A year of that therapy took Lisa Rollins' son Walker from losing the 20 words he had mastered by the age of 2 to speaking more than 1,000 now at age 3. But it costs $5,000 a week, and insurance doesn't pay for any of it, she said.

"We've been spending money that we had saved for college," said Rollins, of Saluda. "But there are lots of families who have taken second mortgages, or moved to smaller homes, or gone into debt."

For most parents, providing therapy is a great financial burden, says Kelly. And those who can't do it feel a terrible sense of guilt.

Besides a second mortgage, Covington, of Greenville, borrowed on her life insurance and gets help from her parents to pay for therapy for son, Chas, 6.

"It's been a strain on the pocketbook," said Covington, a consultant for a health and wellness company. "But you'll sacrifice anything for your children."

Like many parents of autistic children, Susan Kastner quit her job to care for son, Andrew, now 11.

"Getting your child to therapy would require missing work," she says. "We used to juggle who's taking him to therapy today, and it became too stressful to worry about missing work to take care of your child."

Rollins says she can't understand why therapy, which typically lasts two or three years, isn't covered like it is for other neurological disorders, such as stroke or brain injuries. Treatment is prescribed by a physician and is medically necessary, she says.

And Cleary says it's penny-wise and pound-foolish not to cover autism. Compare $150,000 for three years of treatment with up to $3 million for lifetime institutionalization, he says.

"With maybe two, three years of this intensive treatment, 47 percent of these children can be mainstreamed and become functional, taxpaying citizens," he said, "instead of non-productive, non-functioning lives."
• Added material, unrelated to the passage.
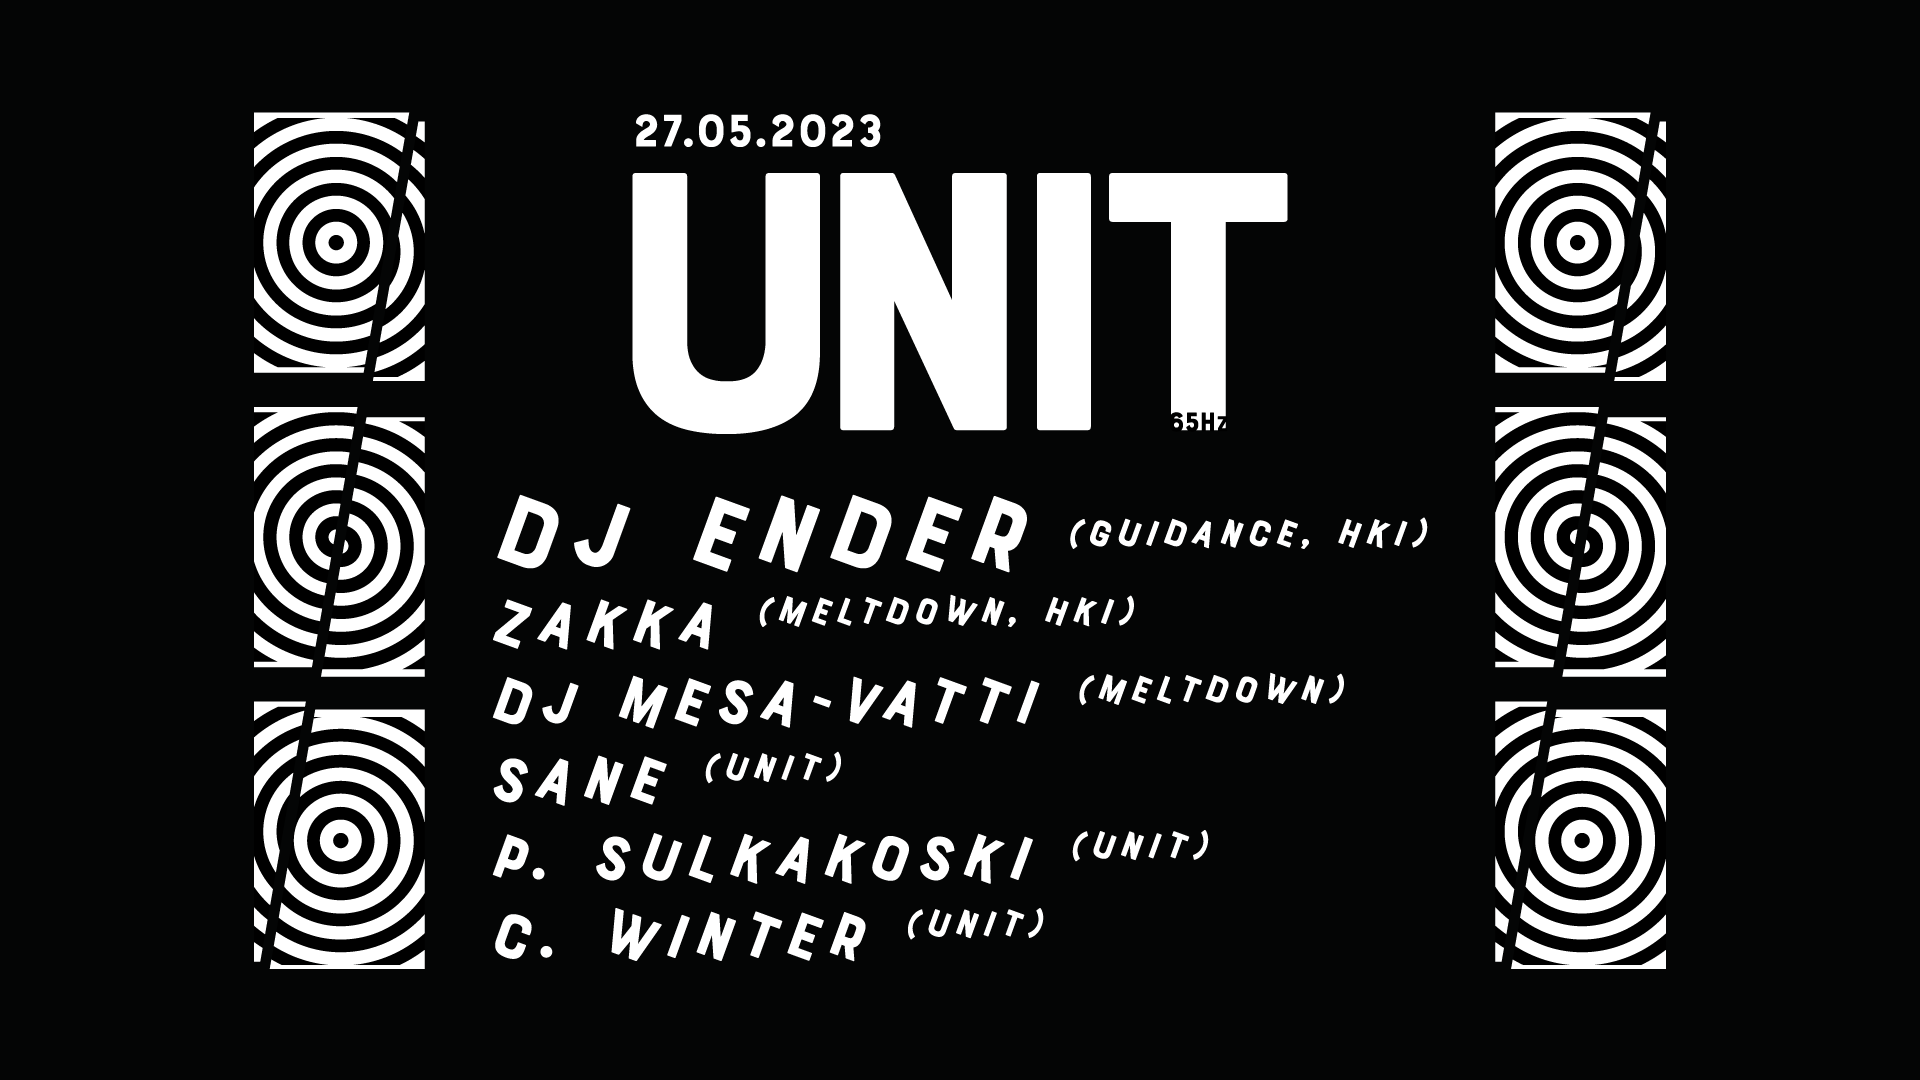 UNIT: DJ Ender & Folks, 27.05.2023 VAASA,FI

The rest also make progress, he says.

Sachs adds that autistic children have only one shot, and that's through intensive early intervention.

"We have an opportunity to give these children their lives back, these families their hope back, and you can only do that on the front end," she said. "Either we do this now, or we're looking at group homes and institutions."

But Akey said the industry opposes mandates on insurers, saying purchasers are better able to make decisions about coverage than lawmakers. Mandates typically result in higher premiums for subscribers, he said, and often don't account for evolving therapies.

"The purchasers of health insurance decide what they want to have covered," Akey said. "We'll cover any illness or injury that people want to buy insurance policies to cover."

The bill, S.0958, is currently in the Senate Banking and Insurance Committee. Rollins says she's optimistic it will come to a vote this spring.

Cleary said, "These children with autism should not be discriminated against." She said, "It's the right thing to do and I'm hoping the legislators will realize that."